It’s been more than two years since 47 people died in explosions caused by the derailment of crude oil-laden rail cars in a small Quebec town. In the wake of the Lac-Megantic tragedy, the public has justifiably demanded to know more about oil-by-rail shipments. But a new state regulation keeps this information secret, making it tough for Mainers to assess the risk to their communities and taking the state in the wrong direction when it comes to government transparency.

Since the law in question – which bars public disclosure of items transported by a railroad – took effect in October, Maine agencies have stopped revealing when, where or how much oil is being transported by rail through the state.

The bill’s sponsor, then-state Rep. Mike Shaw, D-Standish, said that exempting rail-shipment data from Maine’s right-to-know laws would encourage railroads to inform first responders of hazardous-material shipments. He told fellow legislators in April that his proposal addresses the companies’ business interest in not making this information public.
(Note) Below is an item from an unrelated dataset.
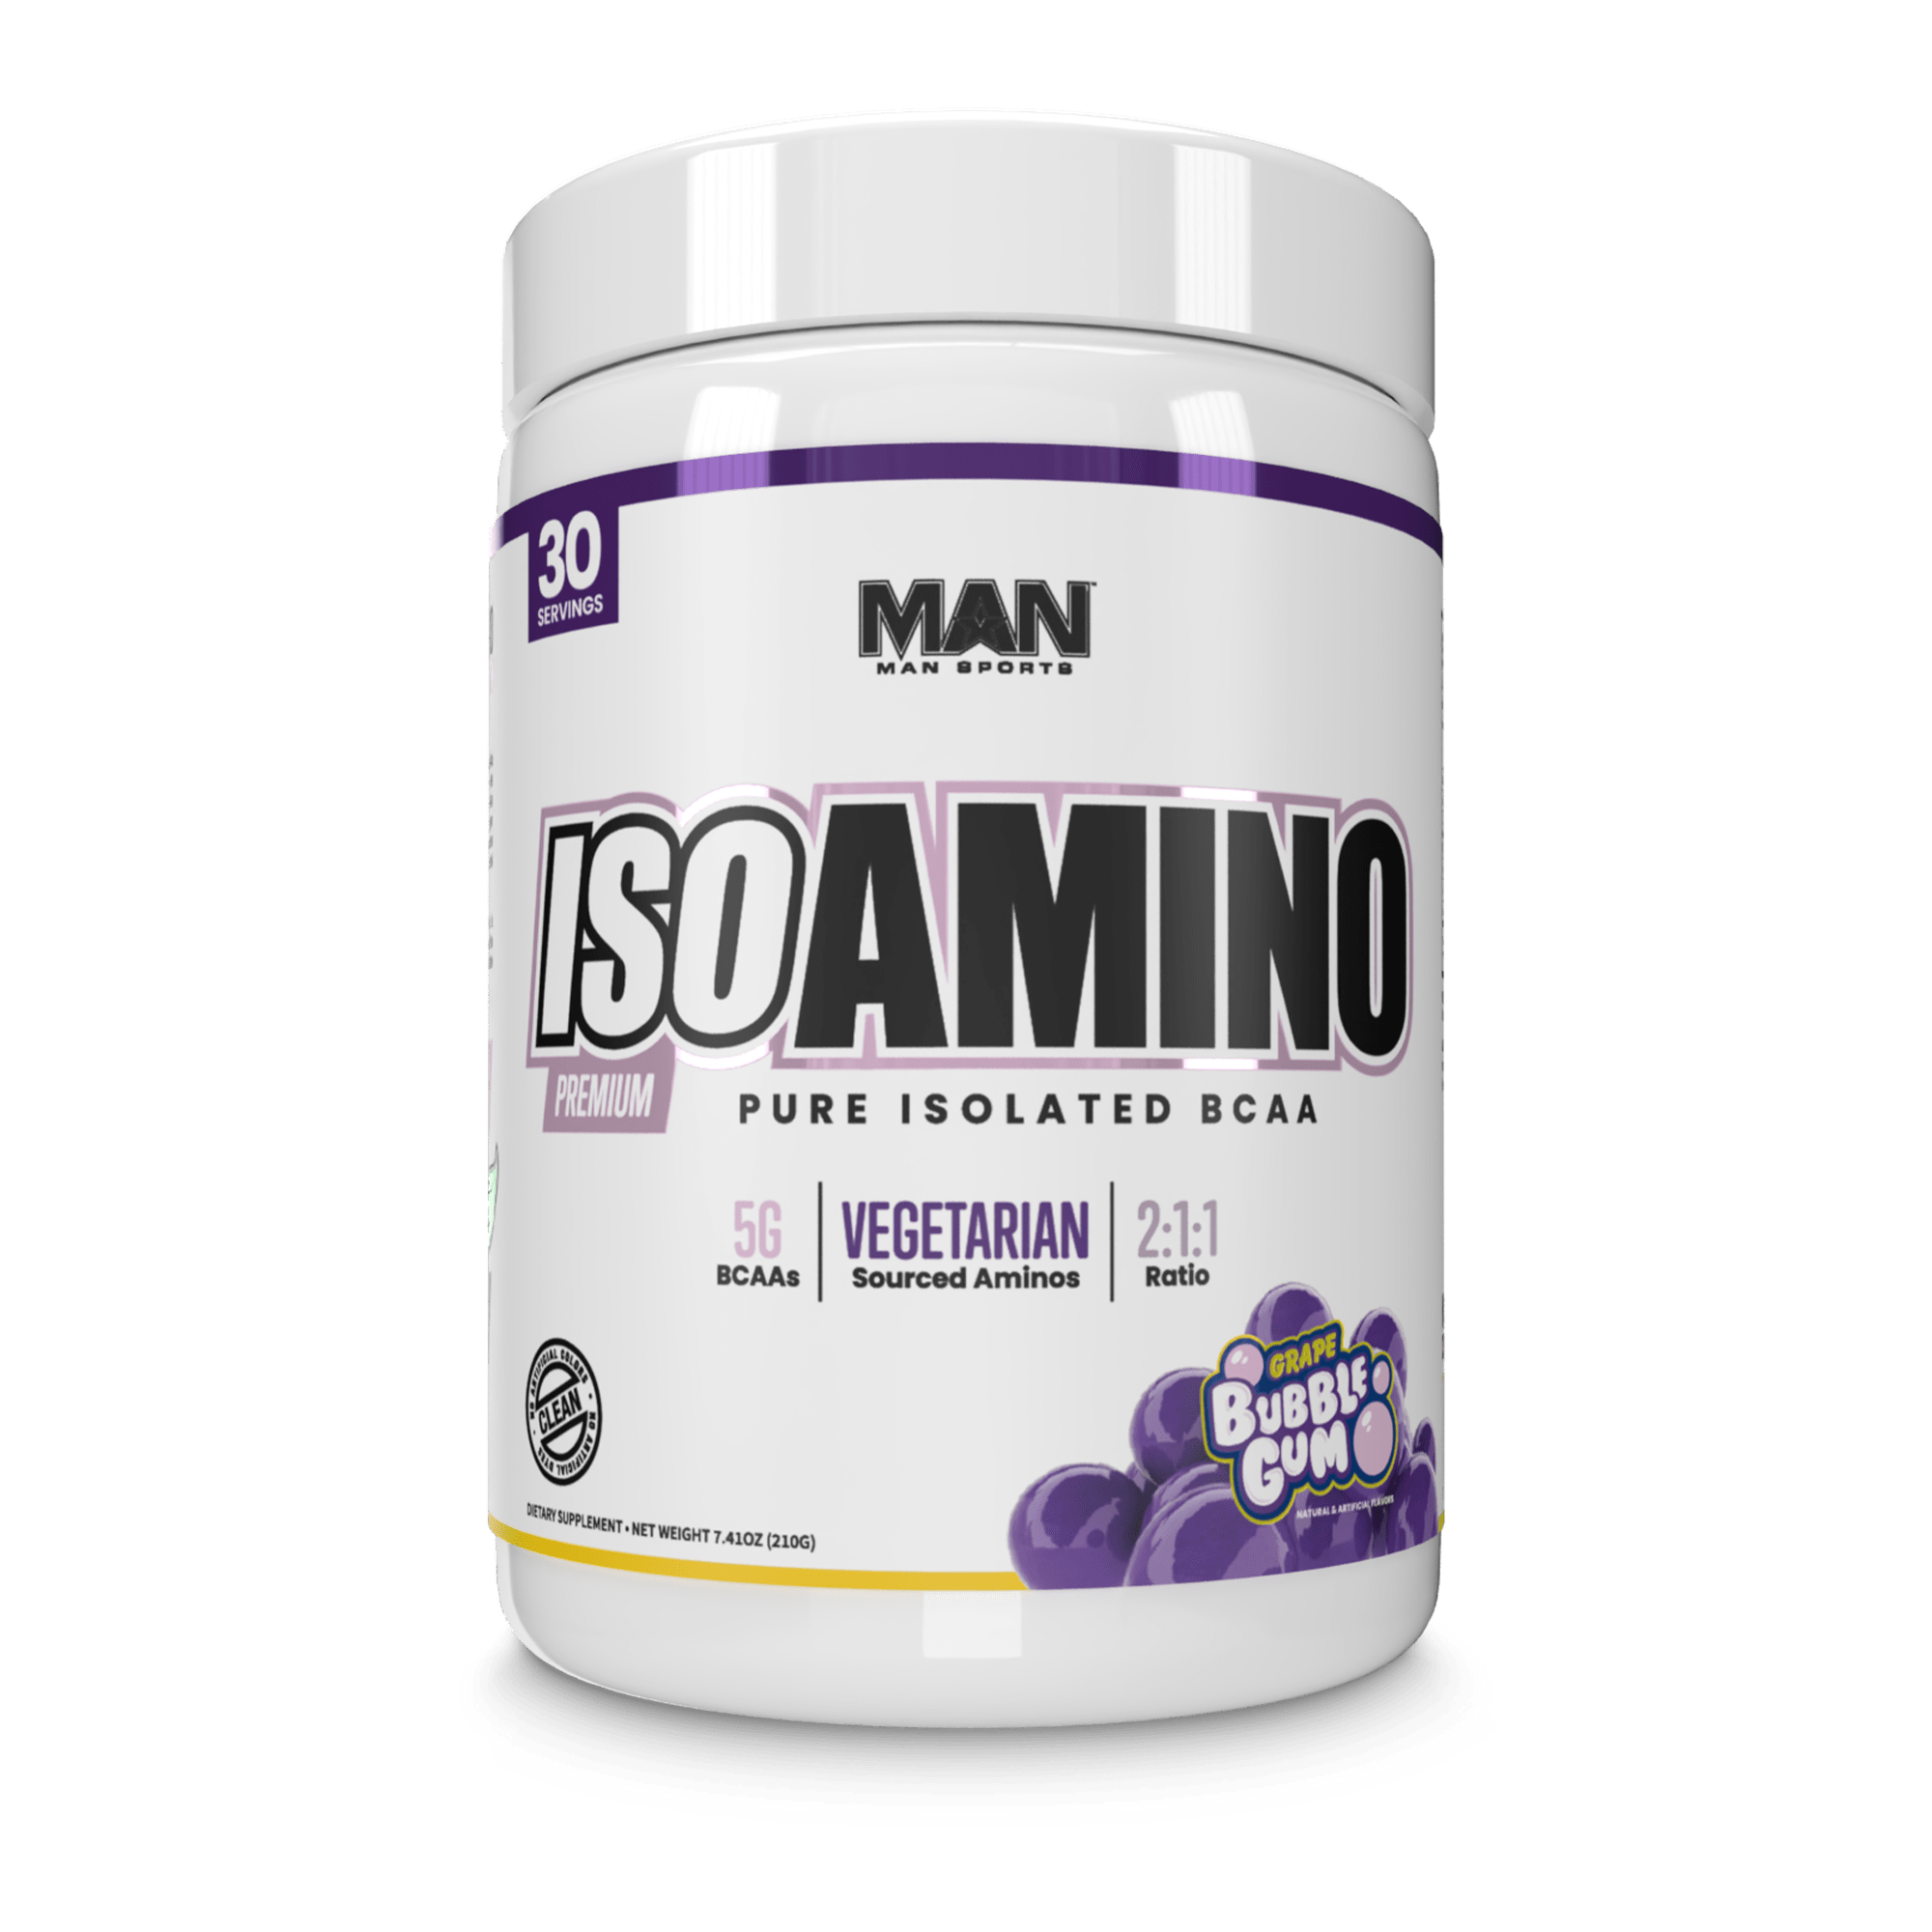 MAN SPORTS Single ISO-AMINO – 30 Servings

Nobody can argue that it’s critical for fire departments and emergency management personnel to know when and where oil is being moved through Maine. Several dozen Maine firefighters were among the 1,000 responders who helped bring the Lac-Megantic blaze under control – which took 30 hours and a million gallons of water, according to Rangeley fire Chief Tim Pellerin.

Granted, not every disaster is of this scale; still, smaller derailments also pose safety risks for which first responders should have the chance to prepare. And so should the public – despite the arguments made for keeping the lid on this information.

The rail companies and the Association of American Railroads cite the threat of terrorist attack as a reason not to divulge details of rail cargo. But as a 2014 report in the Portland Oregonian noted, none of the multiple oil-by-rail accidents in recent years was a result of terrorism.

Also undercutting the rail companies’ case for a confidentiality agreement, noted the Oregonian, is that the location of ships carrying oil on waterways is disclosed in real time and can be accessed online.

It’s reasonable to speculate that by keeping quiet about whether they’ve been shipping oil, the railroads’ real goal is to discourage protests. Regardless of their motivation, though, the companies should be communicating with everyone who would be affected if an oil shipment derailed. And it shouldn’t take a right-to-know exemption – or another Lac-Megantic – to get them to do so.